01 November 2014

LTspice learning part 2

Following on from LTspice Learning part 1, I now proceeded to measure the behavior of the audio common emitter circuit. The objective being to compare the simple model, LTspice model and actual measurements.

I built a 1.59KHz phase shift oscillator based on EMRFD Figure 7.25. This was an interesting exercise and will form the topic of a separate writeup. This generator gave me a clean signal with less than 2mV of noise as seen on the scope.

For an amplifier signal output voltage of 1volt and assuming a voltage gain of 24 for the amplifier, I calculated that I needed about 70mV input to the amplifier. After measuring the open circuit voltage of the generator and the output resistance of the generator, and knowing the calculated input resistance of the amplifier, I calculated the need for a 2.82k voltage dropping resistor between the generator and the amplifier. I inserted a 2.7k resistor which gave me a measured amplifier input voltage of 63mV. This was in the ballpark.

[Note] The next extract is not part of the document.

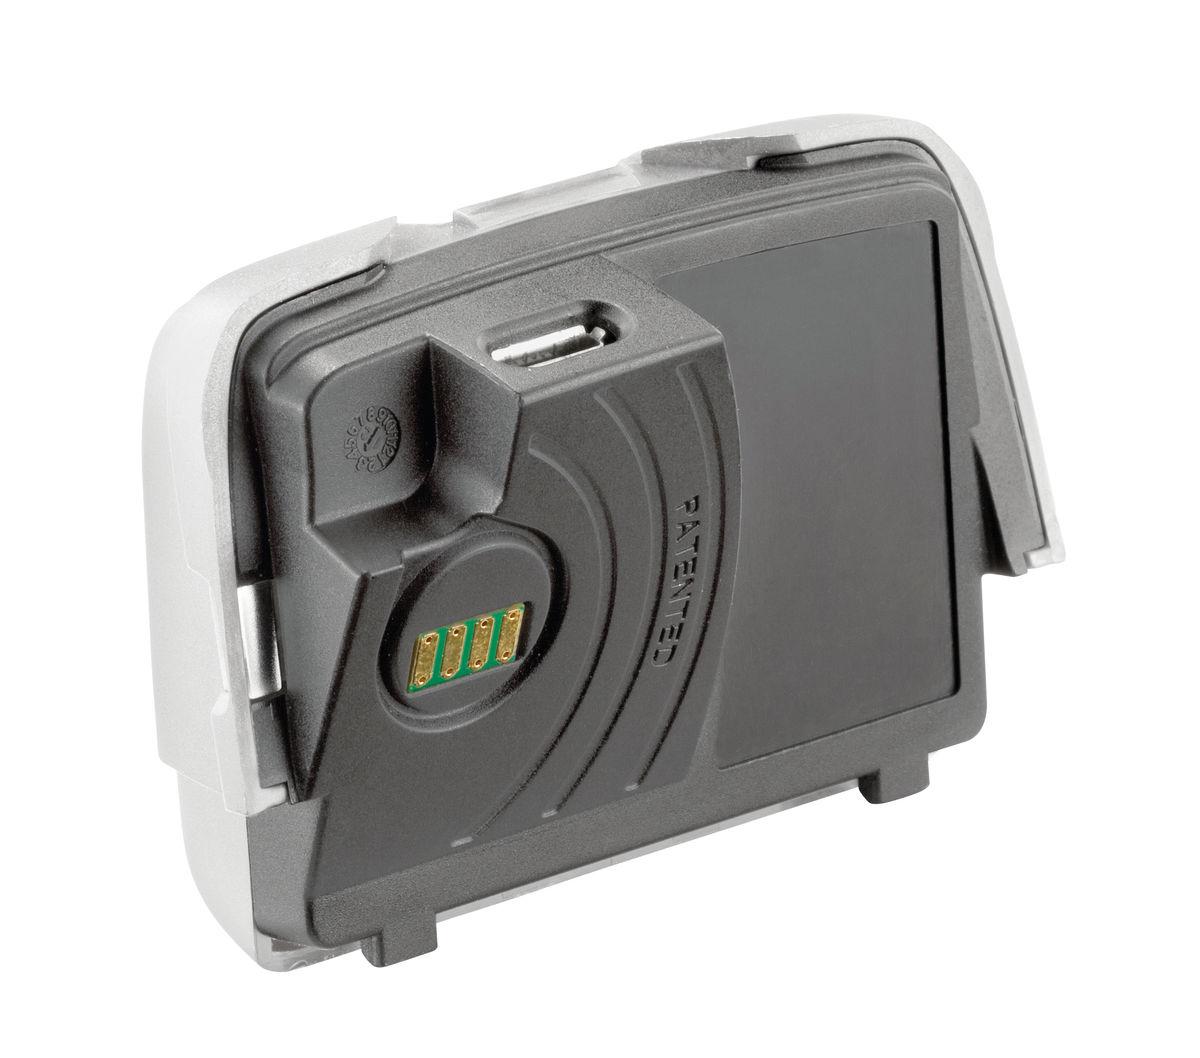 Petzl Accu Reactik / Reactik compatible Tikka R+ / Tikka RXP - Batterie rechargeable

I then measured the DC bias characteristics and the signal input and output voltages of the amplifier. I also tried to measure the signal voltage on the base of the 2N2222, however this signal was really too small to measure accurately on my scope.

Next I measured all the resistors in the circuit using a Keithley 179 DMM. These results were compared to the FLUKE 8024B results and seen to be within a few percent of each other. I also measured the transistor beta which varied between 160 and 175 depending on the DMM used. I carried out these measurements twice. Once on friday evening and again on this saturday morning. This morning the temperature was 47deg F in my attic where I was working. Certainly colder than last night although I did not measure the temperature then. All measurements were consistent except the beta measurement. I used a value of 168 for the calculations. I did not measure the ESR values of the capacitors however.

I then used these measured component values in the simple model calculations and the LTspice simulations. The results are summarized in the table directly below.

The results are extremely interesting and insightful to me. I found that adding an ESR (equivalent series resistance) of 2 ohms into the emitter 100uF bypass capacitor, I was able to obtain close correlation between the measured result and the LTspice simulation. Especially when comparing the signal load voltage results. The voltage gain measurements shown below have less credibility due to the difficulty in measuring the base input voltage (used to calculate the voltage gain). It is also interesting to compare the difference between the simulation with and without the 2 ohm resistor. There is a difference of 806mV-724mV = 82mV. Meaning a difference of 33mW power output.

The shown results for the simple model also include a 2 ohm regeneration resistor. Certainly this brought this result closer to the simulated and measured result but there is still a significant variance. Why?

Perhaps a useful conclusion from this exercise is that manual calculations are great to predict a ballpark result, however the LTspice IV simulator can get one much closer to the measured result. This conclusion cannot be validated, of course, without the ability to do many more precise measurements. Certainly beyond the scope of my simple 1970's era equipment workbench. Or is it?
 

Selected Parameters that serve to illustrate the differences in model results compared to the measured results

Bench test configuration


The LTspice generated schematic showing actual measured component values


A detailed spreadsheet showing all calculated and measured results


The phase shift test oscillator is powered by a 9V battery. Shown on the right and coupled to the audio amp on the left  with 1:1 test leads connected to the scope. No impact on the measurements, were seen from the test leads.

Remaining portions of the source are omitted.